Mode of inheritance for gene: TTC26 was set to BIALLELIC, autosomal or pseudoautosomal
Publications for gene: TTC26 were set to 31595528; 32617964; 34177428; 38135897; 39514123
Phenotypes for gene: TTC26 were set to Biliary, renal, neurologic, and skeletal syndrome, OMIM:619534; biliary, renal, neurologic, and skeletal syndrome, MONDO:0859191
Review for gene: TTC26 was set to GREEN
Added comment: PMID: 31595528 Shaheen et al., 2020
Report of seven individuals from seven families with syndromic ciliopathy clinical features, including severe neonatal cholestasis (lethal in one, required liver transplant in two cases). Other features: polydactyly (5/7), echogenic kidneys with impaired renal function (5/7), variable cardiac anomalies (5/7).
TTC26 variants detected: NM_024926.4: c.788A>G, p.Asn263Ser (4 patients, shared haplotype); c.1331C>T, p.Pro444Leu (1 patient, and c.4-1G>C (2 patients).

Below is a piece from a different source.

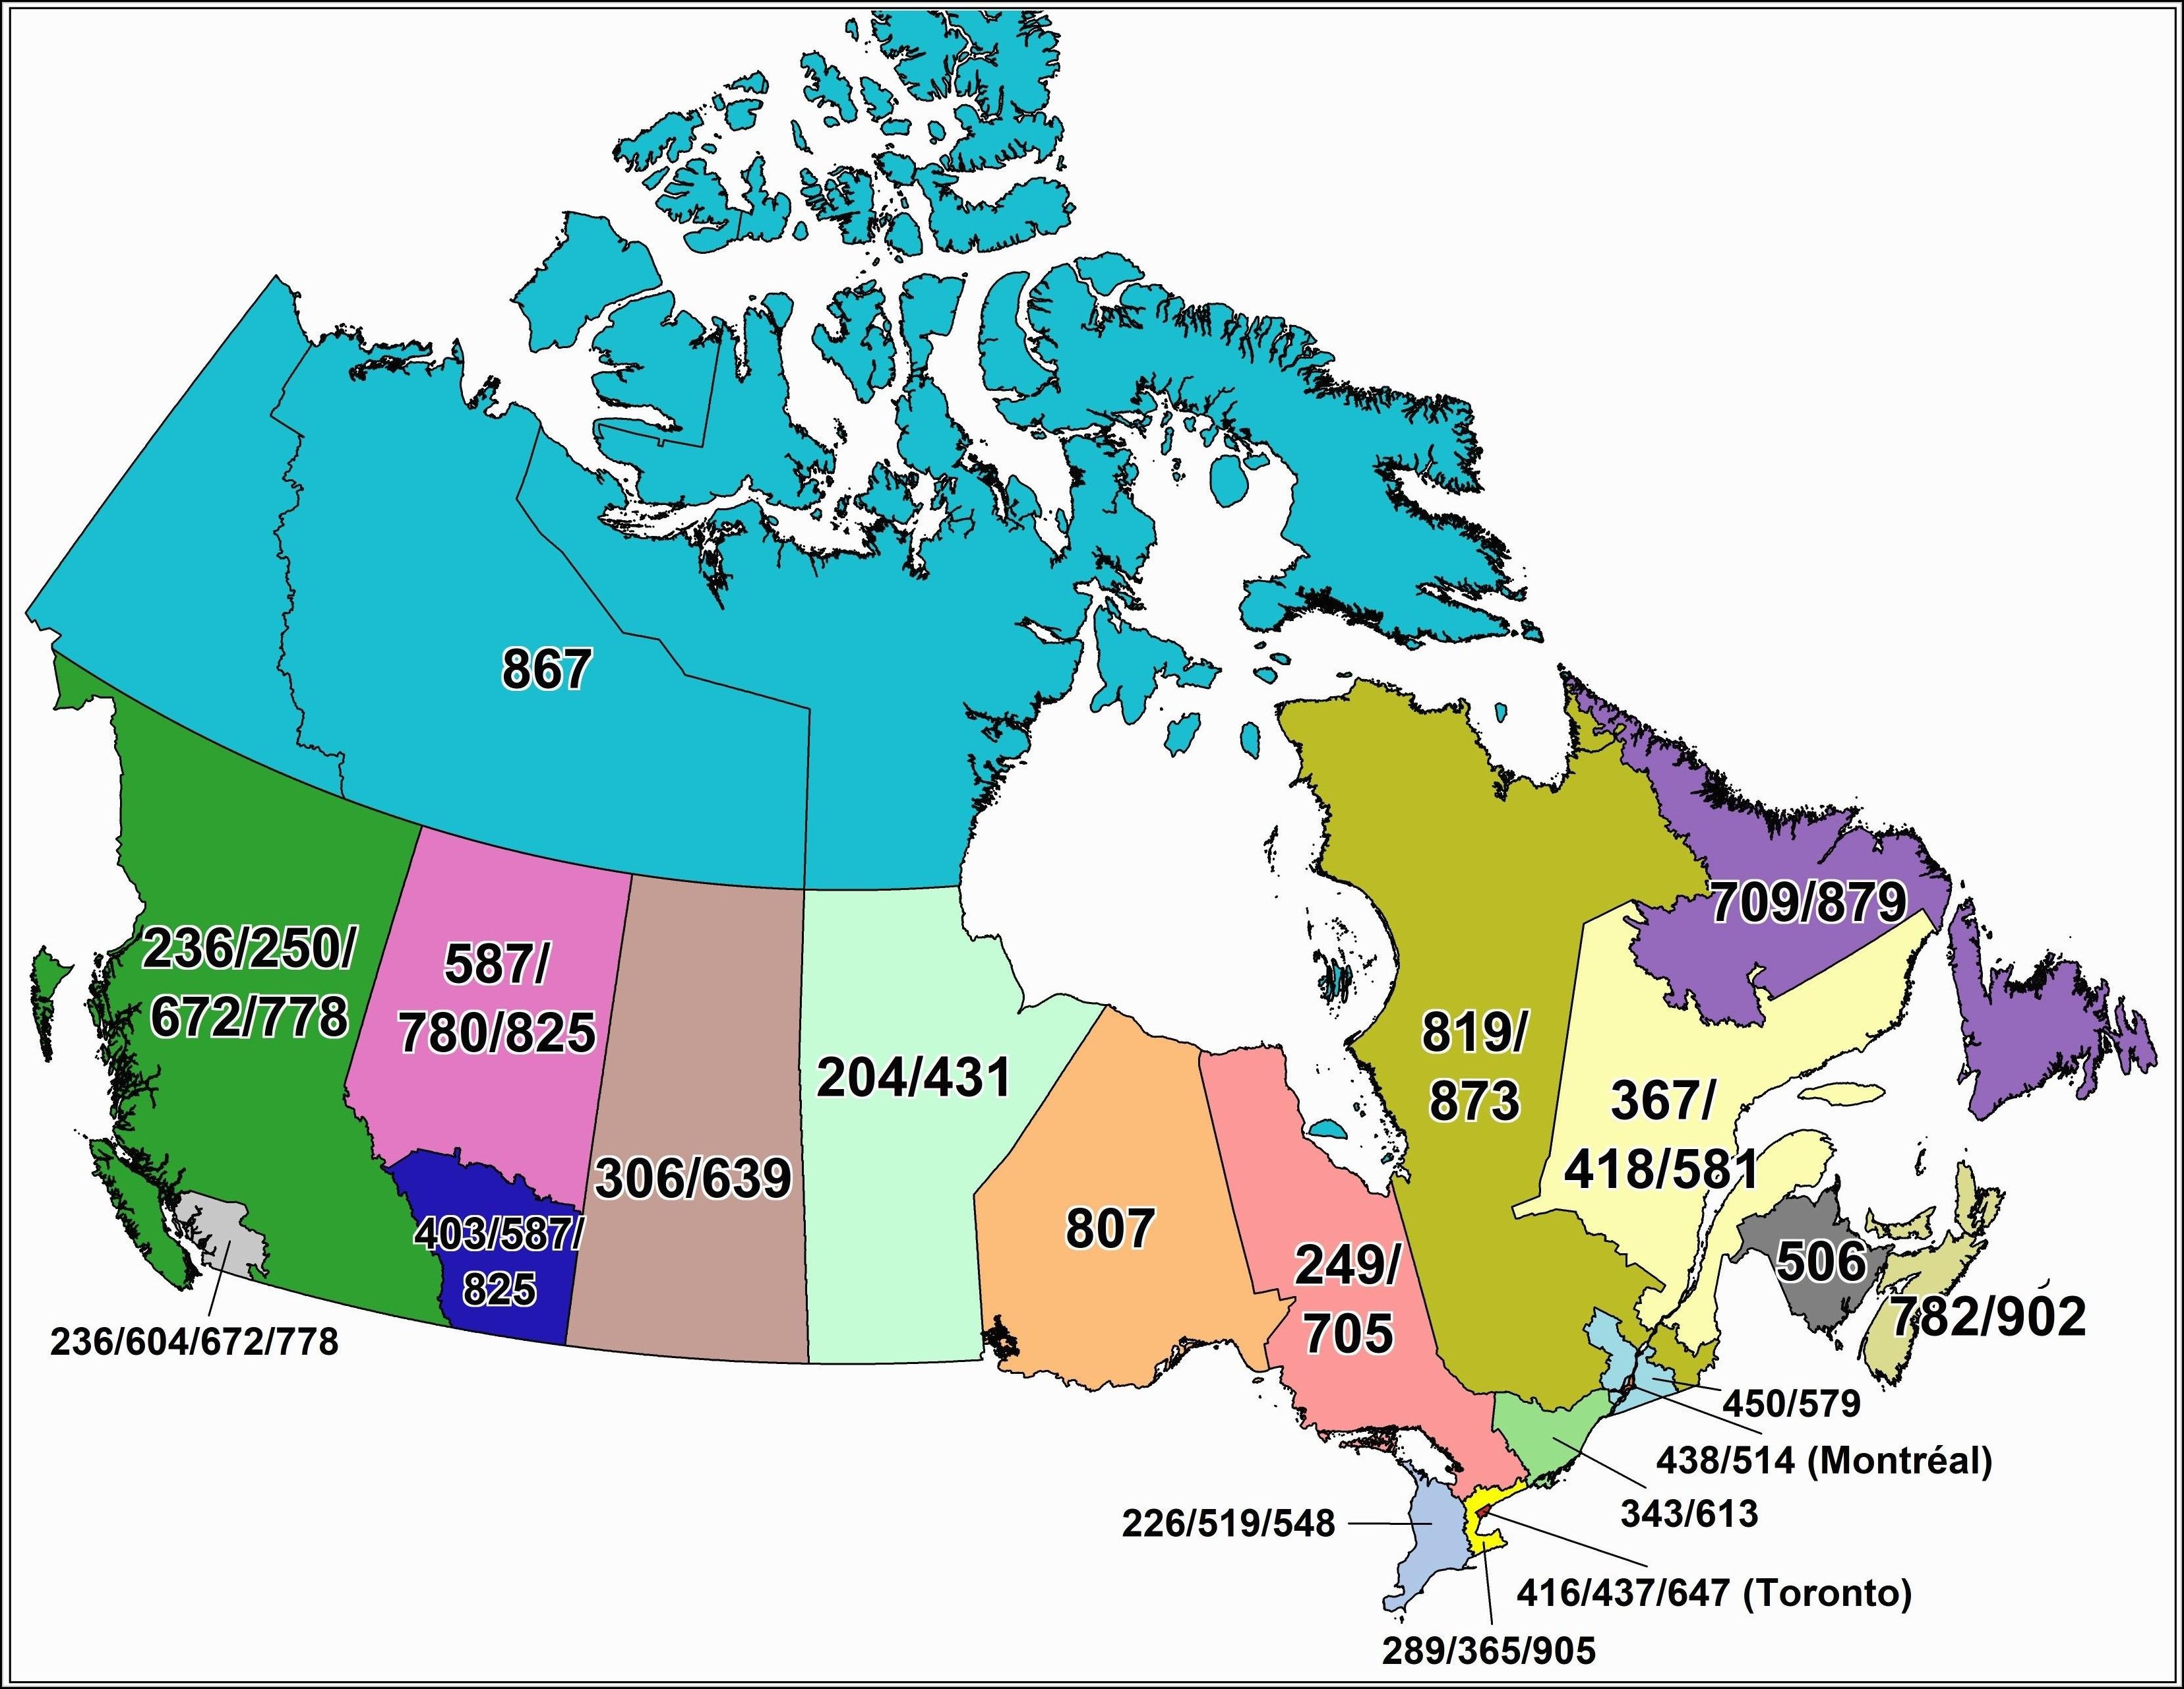 Garmin Canada Map Free - Map : Resume Examples #My3aXBmKwp on garmin marine charts canada, garmin map upload, garmin map updates, delorme canada maps, garmin north america, google canada maps, lowrance canada maps,

PMID: 32617964 David et al., 2020
Four patients from two apparently unrelated consanguineous Bedouin families with ciliopathy due to a homozygous TTC26 c.695A>G p.Asn232Ser mutation. Patients had dysmorphic features, early-onset cholestatic jaundice (4/4), pituitary hormone deficiency (2/4), postaxial polydactyly (3/4), ectopic / absent neurohypophysis (posterior lobe of the pituitary gland) on brain MRI.

PMID: 34177428 Alfadhel et al., 2021
Nonconsanguineous Saudi family. The female proband exhibited cholestasis, cystic dilatation of intrahepatic biliary ducts, diabetes insipidus, dysmorphic facial features, optic atrophy, hydrocephalus, aqueductal stenosis, hyperextensible knee joints, bilateral knee dislocation, polydactyly, and syndactyly. Brain MRI showed pituitary hypoplasia. She died at 15 months of age.
WGS + Sanger sequencing revealed a homozygous TTC26 variant (c.4-1G>C; NM_024926.3).

PMID: 38135897 Papingi et al., 2024
Male patient with hexadactyly, pituitary stalk interruption, hepatopathy, nephropathy, unilateral hearing impairment, a congenital heart defect, and a bilateral lip-palate cleft. He was homozygous for TTC26 c.1006-5T> C. Parents are first degree-cousins, Afghan ancestry.

PMID: 39514123 Yang et al., 2025
Chinese case of BRENS syndrome who presented with kidney, neurological, skeletal, and other features (no biliary involvement). 3 TTC26 variant detected: c.1069+5G>A inherited from the mother and c.511A>G (p.Ile171Val) and c.1099T>C (p.Ser367Pro) from the father.

Functional evidence:
PMID: 24596149 Ishikawa et al., 2014 - Knockdown of ttc26 in zebrafish embryos or mutation of Dyf13 (TTC26 ortholog) in C. reinhardtii produced short cilia with abnormal motility.

TTC26 is associated with AR Biliary, renal, neurologic, and skeletal syndrome, OMIM:619534 (OMIM accessed 22nd Apr 2026).